3. Damit ist gemäß § 13 GVG der Rechtsweg zu den ordentlichen Gerichten gegeben. Der Rechtsstreit ist gemäß § 17a Abs. 2 Satz 1 GVG an das für den Wohnsitz des Beklagten zuständige Amtsgericht Bad Freienwalde (Oder) (§ 13 ZPO) zu verweisen.
a) Bei einem Streitwert in Höhe von 450,00 Euro ist gemäß § 23 Nr. 1 GVG das Amtsgericht zuständig. Entgegen der Auffassung des Landesarbeitsgerichts ist nicht zu beurteilen, ob eine sachliche Zuständigkeit des Landgerichts als Kartellgericht gemäß § 87 GWB gegeben ist. Dies hat das Amtsgericht im Rahmen des § 281 ZPO zu prüfen, da der Beklagte eine Zuständigkeit des Kartellgerichts geltend macht. Beschlüsse nach § 17a Abs. 2 Satz 1 GVG sind nach § 17a Abs. 2 Satz 3 GVG für das Gericht, an das der Rechtsstreit verwiesen worden ist, nur hinsichtlich des Rechtswegs bindend. Das Gericht, an das der Rechtsstreit von einem Gericht eines anderen Rechtswegs verwiesen worden ist, kann wegen örtlicher und wegen sachlicher Unzuständigkeit innerhalb „seines” Rechtswegs weiterverweisen. Das Beschwerde- oder das Rechtsbeschwerdegericht ist deshalb verfahrensrechtlich nicht in der Lage, seiner Verweisungsentscheidung auch in Bezug auf die sachliche und örtliche Zuständigkeit innerhalb des anderen Rechtswegs bindende Wirkung zu verleihen (vgl.
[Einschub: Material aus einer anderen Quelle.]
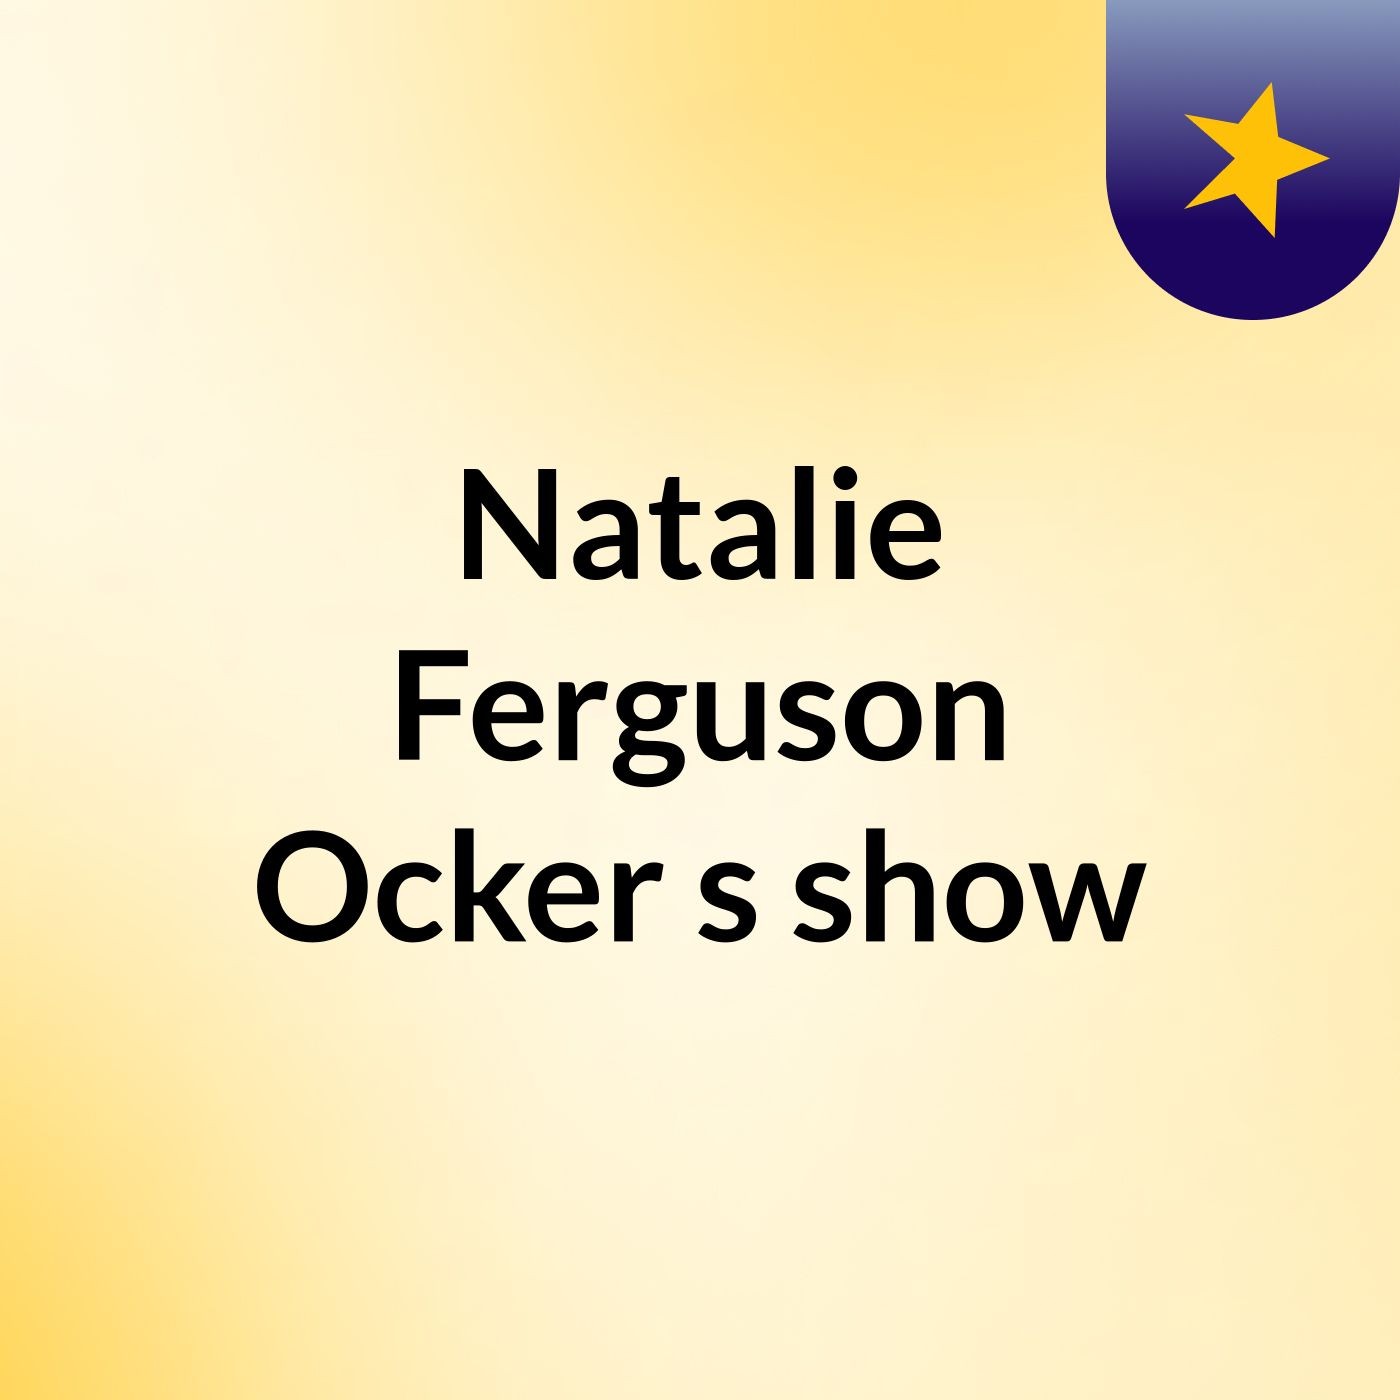 Episode 4 - Natalie Ferguson Ocker's show

BAG 20. September 1995 – 5 AZB 1/95 – zu II der Gründe).
b) Der örtlichen Zuständigkeit des Amtsgerichts Bad Freienwalde (Oder) gemäß § 13 ZPO steht nicht § 23 Abs. 2 VTV entgegen. Danach ist Berlin Gerichtsstand für Ansprüche der ULAK gegen Arbeitgeber mit Betriebssitz im Gebiet der fünf neuen Bundesländer. Eine solche Prorogation nach § 48 Abs. 2 Nr. 2 ArbGG setzt voraus, dass der Rechtsweg zu den Gerichten für Arbeitssachen gegeben ist. Zudem müsste der Beklagte Arbeitgeber iSd. ArbGG sein. Beides ist hier nicht der Fall.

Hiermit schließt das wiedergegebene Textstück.